Cette absence prolongée alimente les spéculations depuis plusieurs semaines. Le RDPC tente de contrer ces interrogations. Dans un éditorial publié le 15 juillet dans L’Action, Christophe Mien Zok, directeur de la propagande du parti, a affirmé que « l’État fonctionne normalement » et que « le président n’a pas quitté ses fonctions ». Il a rejeté l’idée d’un pays dirigé « sans gouvernail ». Parallèlement, les comptes officiels de la présidence continuent de publier des messages attribués à Paul Biya, notamment une lettre adressée à Emmanuel Macron pour la fête nationale française et une autre au président du Monténégro. Aucune activité publique du chef de l’État n’a été signalée depuis son départ.
L’opposition réclame des réponses institutionnelles
L’absence du président a relancé les appels à des éclaircissements de la part des formations politiques. Jean-Michel Nintcheu, député à l’Assemblée nationale, a sollicité une intervention du Conseil constitutionnel pour constater une éventuelle vacance du pouvoir. L’Union démocratique du Cameroun (UDC) adopte une position plus mesurée. Le parti refuse de spéculer sur la situation personnelle de Paul Biya tout en soulignant que la continuité de l’État ne peut se fonder sur le mutisme ou les hypothèses. Dans un communiqué rendu public le 18 juillet, l’UDC précise qu’une absence à l’étranger, même prolongée, ne constitue pas automatiquement une vacance de la présidence. Elle insiste cependant sur la nécessité de s’interroger sur l’exercice effectif des prérogatives présidentielles et sur les dispositifs applicables en cas d’empêchement temporaire.
Un vide juridique à combler
La Constitution camerounaise ne fixe aucun délai maximal pour les déplacements du chef de l’État hors du territoire national.
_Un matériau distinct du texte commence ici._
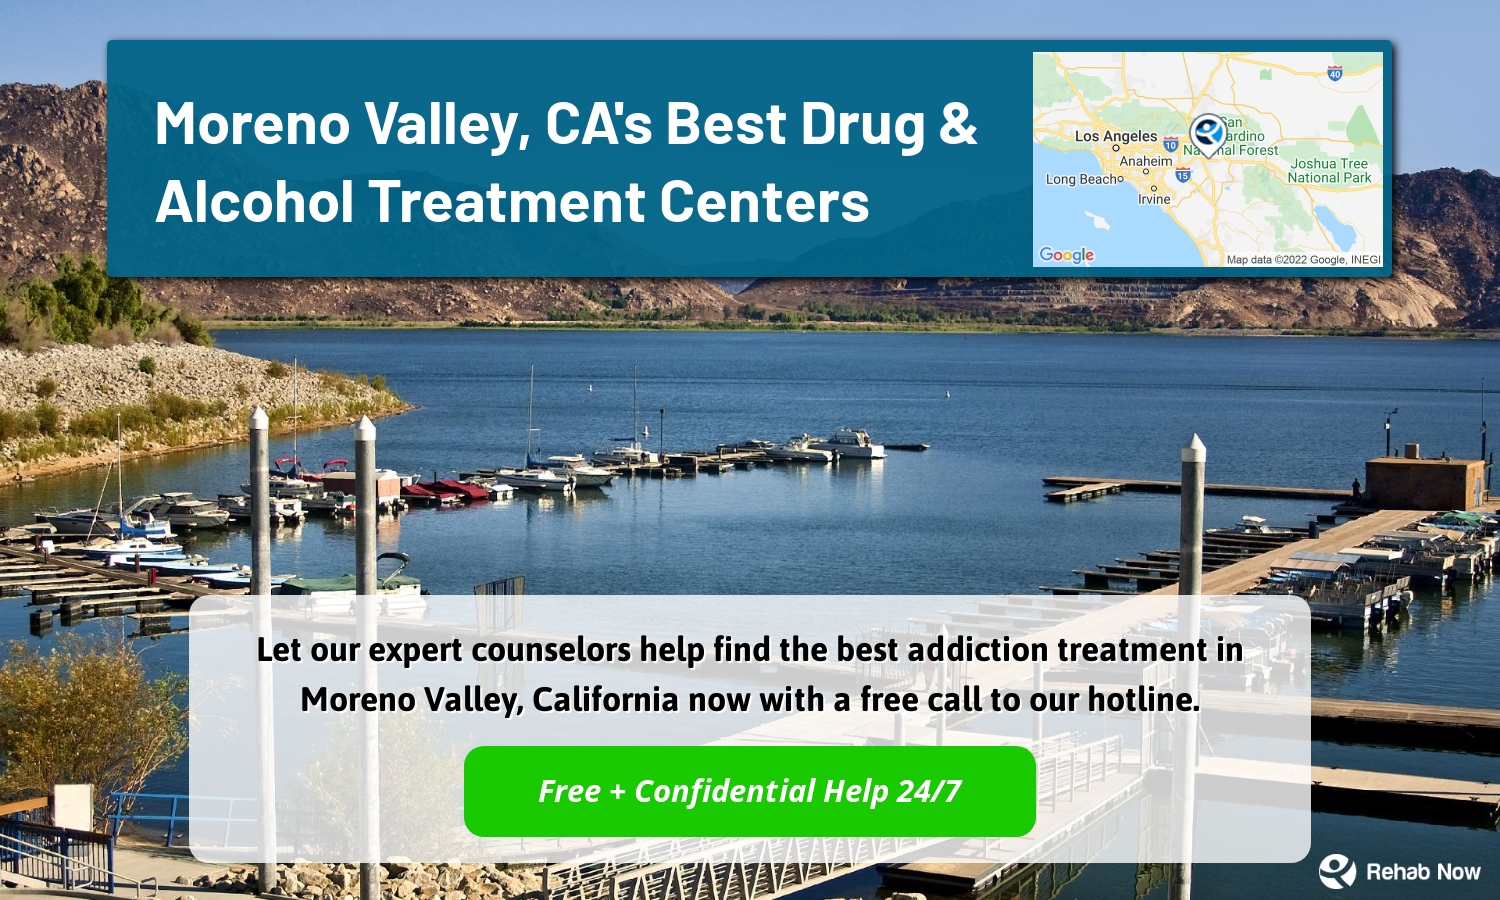 Let our expert counselors help find the best addiction treatment in Moreno Valley, California now with a free call to our hotline.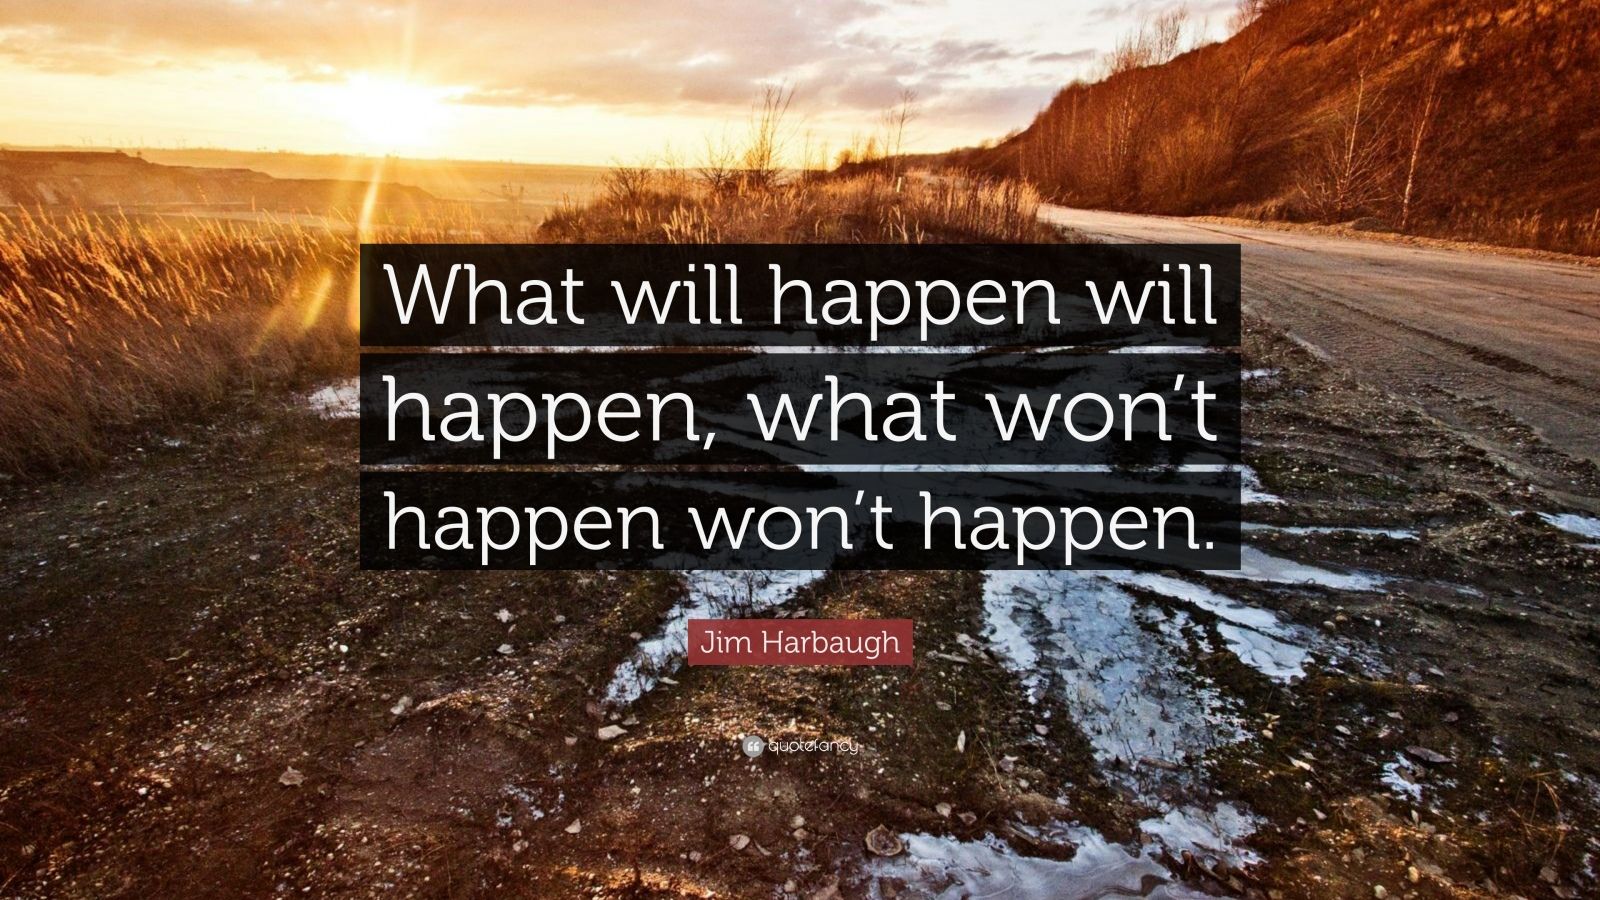 Jim Harbaugh Quote: “What will happen will happen, what won’t happen ...

Plusieurs observateurs estiment que cette situation appelle une réflexion institutionnelle, mais aucun texte ne détermine à partir de quand le Conseil constitutionnel devrait intervenir. L’UDC rappelle par ailleurs que le poste de vice-président, rétabli lors de la révision constitutionnelle d’avril, reste vacant. Le parti plaide pour une clarification du cadre juridique encadrant les absences prolongées du président. Au pouvoir depuis 1982, Paul Biya effectue régulièrement des voyages en Europe. Celui entamé le 7 juin est, à ce jour, le plus long de son mandat, sans qu’aucune date de retour n’ait été communiquée.